Sumber daya alam (SDA) itu berupa makanan, pakaian, perumahan, berbagai macam peralatan dan transportasi. Semakin besar populasi manusia dan semakin maju teknologinya, akan semakin banyak ragam dan jumlah sda yang diambil dan lingkungannya. Maka terjadilah kerusakan lingkungan dan pencemaran.
Beberapa aktivitaS manusia yang dapat mengakibatkan perubahan lingkungan sebagai berikut:
1. Pembukaan lahan.
Jumlah penduduk yang makin meningkat mengakibatkan kebutuhan akan tempat tinggal juga meningkat. Untuk memenuhi kebutuhan tersebut dilakukan pembukaan lahan.

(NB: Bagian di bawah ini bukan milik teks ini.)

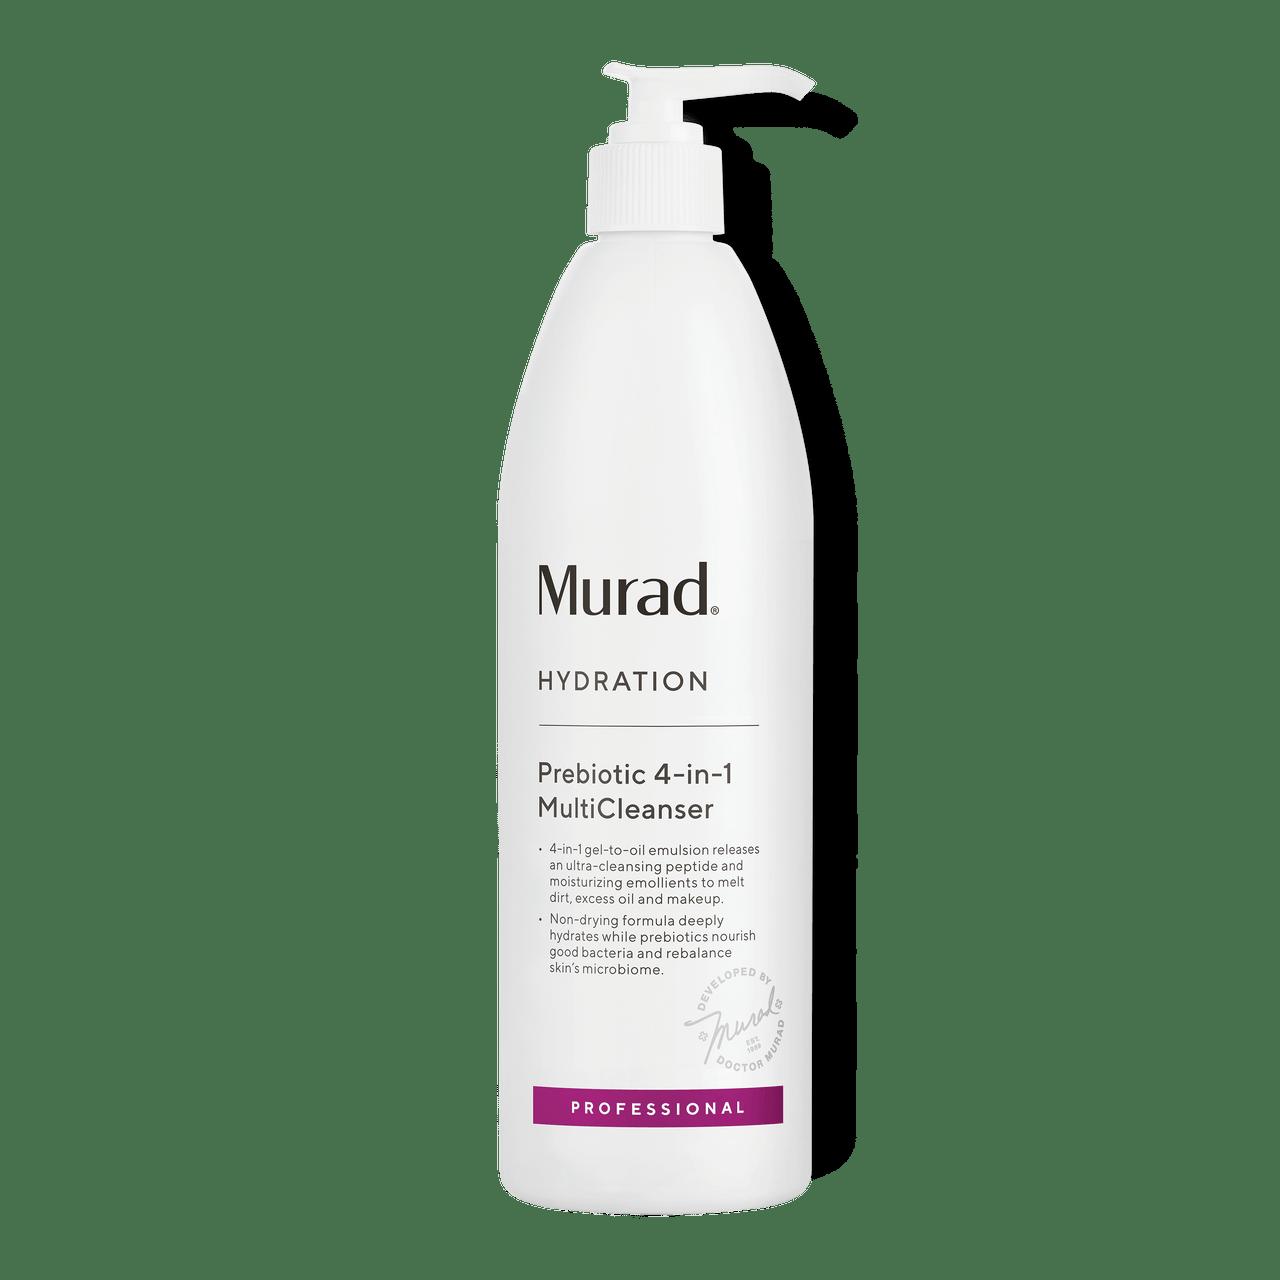 Murad Prebiotic 4-in-1 MultiCleanser Professional Size

Pembukaan lahan berarti menghilangkan beberapa komponen biotik pada suatu ekosistem. Peristiwa ini dapat mengakibatkan punahnya flora dan fauna tertentu, perubahan daur hidrologi, dan berkurangnya kesuburan tanah.
2. Aktivitas pertanian yang di ikuti dengan peningkatan penggunaan pestisida dan pupuk kimia yang berlebihan;
a. Penggunaan pestisida dapat mengakibatkan resistensi hama, terbunuhnya organisme bukan sasaran, adanya residu pestisida pada hasil panen, serta pencemaran air tanah.
b. Penggunaan pupuk kimia yang berlebihan dapat mengakibatkan terganggunya penyerapan air oleh akar dan terjadinya eutrofikasi.
c. Penggunaan bibit unggul dengan sistem nonokultur akan mengurangi keanekaragaman makhluk hidup.
3. Eksploitasi sumber daya laut yang tidak ramah lingkungan;
a. Pemakaian bahan peledak
b. Penggunaan pukat harimau dapat mengganggu regenerasi ikan.